Падалов чуть съеживается, потом распрямляется. Говорит уверенно:

– Мне основания не нужны. Я уже прекрасно понимаю, что Костомаров и Булыжников то ли здесь были убиты, то ли неподалеку. И GPS-трекер говорит о том, что они были на этом кладбище.

Вдыхаю и выдыхаю.

– Вы не имеете права меня арестовывать.

И тут этот Падалов сжимает руку на кобуре, и говорит:

– Прав-то я не имею, но арестую. Очевидно же, что их убили здесь. И очевидно, что ты, паренек, причастен к этому. Поэтому ты проедешь со мной, в отделение. И там уже будем разбираться.

Либо я сейчас подчинюсь ему, либо он выхватит оружие.

И я подчиняюсь.

– Хорошо, товарищ старший лейтенант. Я проеду с вами. Но поверьте, вы совершаете большую ошибку. Вы арестовываете невиновного. И арестовываете по косвенным причинам. Но, тем не менее, я готов ехать. Чтобы мы в отделении разобрались, что я ни при чем. Вы же повезете меня в отделение полиции?

– Да, – кивает Падалов, убирая руку с кобуры. – Я повезу тебя в отделение полиции.

Аня смотрит на меня, как на полоумного. «Спокойно» – говорю я ей взглядом.

Я уже понял ситуацию. Сейчас он закроет меня в камеру, а там, в этой душной и безысходной камере, меня удавят уголовники.

Вот только нужно до этой камеры доехать. А пока мы будем ехать, мое проклятие проснется, и тогда лейтенанту мало не покажется.

– Хорошо, товарищ старший лейтенант. Прошу учесть, что я согласен на арест, хотя он был без веских причин.

Старлей сначала трет рукой рукоять пистолета, морщится, потом говорит:

– В отделении разберемся. Выходи.

Аня смотрит на меня многозначительно. «Вломить ему? Давай!» – спрашивают ее глаза. Я трясу головой отрицательно. Нет, не смей. И сжимаю руку в кулак, а затем выстреливаю двумя пальцами – большим и мизинцем. Она кивает. Пока Падалов не видит, передаю ей ключи от «Форда». Аня утверждает глазами – она все поняла.

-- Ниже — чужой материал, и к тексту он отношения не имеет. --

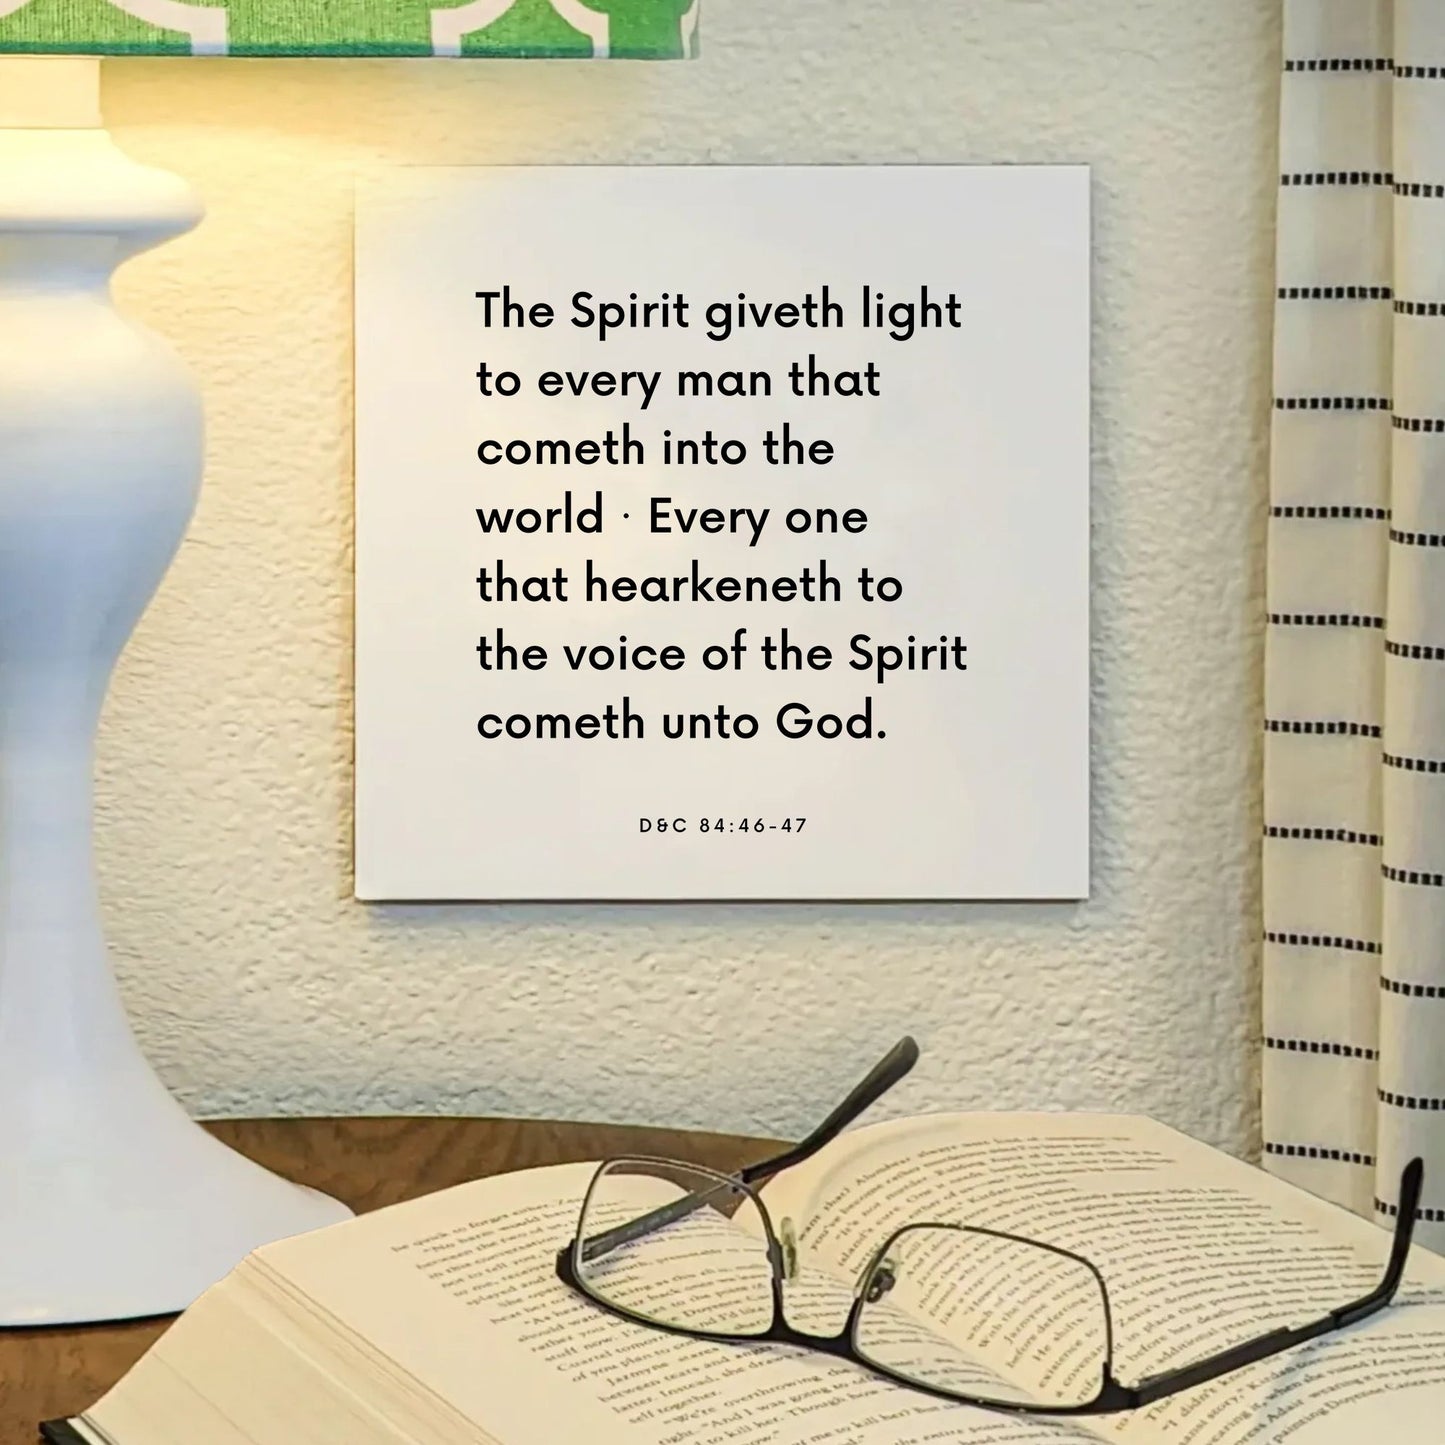 Lamp mouting of the scripture tile for D&C 84:46-47 - "The Spirit giveth light to every man"

– Мне нужно одеться. Вы не против?

– Даю минуту, – отвечает оперативник.

Минуты мне хватит. И я запрыгиваю в джинсы, и надеваю вещи, которые Аня подарила мне. И натягиваю куртку. Затем обуваюсь.

– Все, я готов.

– На улицу выйдите, – требует Падалов.

И я выхожу.

У входа в сторожку стоит синяя «Рено».

– Забирайся назад, – приказывает опер.

И я забираюсь.

– Руки вместе сведи, – требует Падалов.

И я свожу руки вместе.

– Выше подними, под держатель. Вот так.

 

И он просовывает наручники через поручень над пассажирским креслом, и застегивает их. Я в осаде.

Затем он садится на водительское кресло, заводит машину, и проезжает через ворота кладбища. Мои руки быстро затекают.

– А ты чего таким покорным стал? – спрашивает меня оперативник, косясь на меня через зеркало заднего вида. – Думаешь, твоя подружка тебя выручит? Вряд ли.

Он едет со скоростью семьдесят-девяносто километров в час. Он летит в сторону Архангельска, явно желая отчитаться о том, что поймал преступника.

В моей куртке звонит телефон. И звонит явно Аня.

– Отклони звонок, – требует лейтенант.

– Как? Я же в наручниках!

Он притормаживает машину на обочине, расстегивает браслеты, и тыкает пальцем на мою грудь, в которой визжит телефон.

– Выключай, – требует он.

Я делаю вид, что выключаю телефон, но жму на кнопку принятия вызова. И кладу телефон в грудной карман куртки. Теперь Аня все слышит.

Она уже должна выгонять кладбищенский «Форд» из гаража, и гнать за машиной Падалова.

«Рено» летит в сторону Архангельска. Моя голова начинает болеть от нестерпимой боли.

– Ты чего морщишься? – спрашивает оперативник, снова глядя на меня через зеркало заднего вида. – Голова болит?

– Болит. И еще как. А знаешь, что это означает, лейтенант?

– Старший лейтенант.

– Да хоть какой. Через минуту ты умрешь.

Падалов проворачивает голову ко мне, не отпуская руль.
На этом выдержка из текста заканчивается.